Github user paul-rogers commented on a diff in the pull request:

    https://github.com/apache/drill/pull/914#discussion_r150758630
  
    --- Diff: 
exec/vector/src/main/java/org/apache/drill/exec/vector/accessor/writer/BaseScalarWriter.java
 ---
    @@ -0,0 +1,264 @@
    +/*
    + * Licensed to the Apache Software Foundation (ASF) under one
    + * or more contributor license agreements.  See the NOTICE file
    + * distributed with this work for additional information
    + * regarding copyright ownership.  The ASF licenses this file
    + * to you under the Apache License, Version 2.0 (the
    + * "License"); you may not use this file except in compliance
    + * with the License.  You may obtain a copy of the License at
    + *
    + * http://www.apache.org/licenses/LICENSE-2.0
    + *
    + * Unless required by applicable law or agreed to in writing, software
    + * distributed under the License is distributed on an "AS IS" BASIS,
    + * WITHOUT WARRANTIES OR CONDITIONS OF ANY KIND, either express or implied.
    + * See the License for the specific language governing permissions and
    + * limitations under the License.
    + */
    +package org.apache.drill.exec.vector.accessor.writer;
    +
    +import java.math.BigDecimal;
    +
    +import org.apache.drill.exec.vector.accessor.ColumnWriterIndex;
    +import org.apache.drill.exec.vector.accessor.impl.HierarchicalFormatter;
    +import org.joda.time.Period;
    +
    +/**
    + * Column writer implementation that acts as the basis for the
    + * generated, vector-specific implementations.
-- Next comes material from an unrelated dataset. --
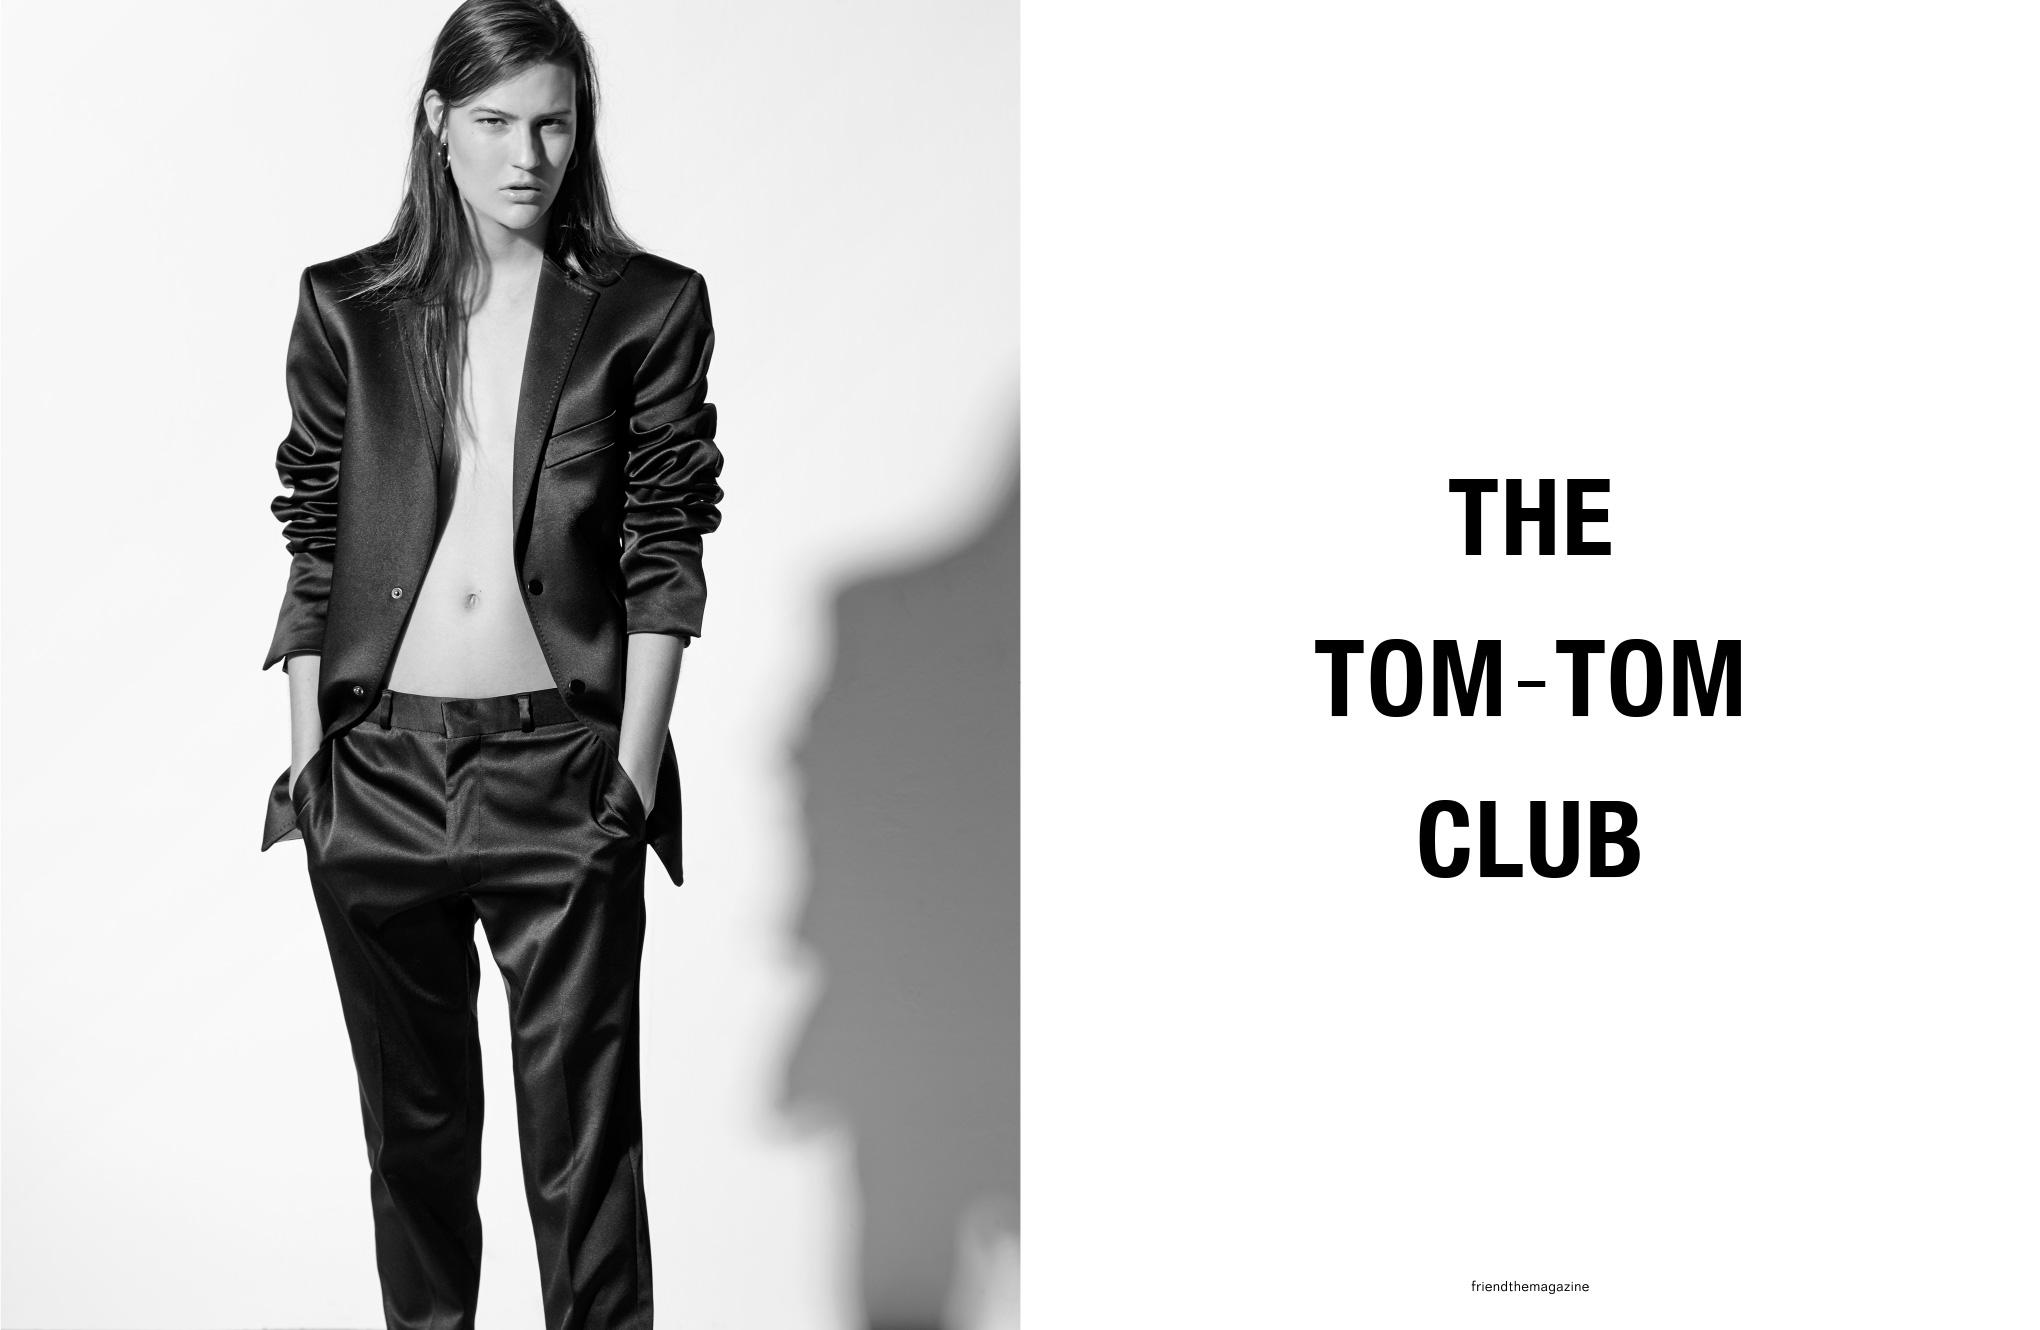 friend-tom-tom-club-max-doyle-ilona-hamer-edit-v14-1330px-high-1-1.jpg

All set methods
    + * throw an exception; subclasses simply override the supported
    + * method(s).
    + * <p>
    + * The only tricky part to this class is understanding the
    + * state of the write indexes as the write proceeds. There are
    + * two pointers to consider:
    + * <ul>
    + * <li>lastWriteIndex: The position in the vector at which the
    + * client last asked us to write data. This index is maintained
    + * in this class because it depends only on the actions of this
    + * class.</li>
    + * <li>vectorIndex: The position in the vector at which we will
    + * write if the client chooses to write a value at this time.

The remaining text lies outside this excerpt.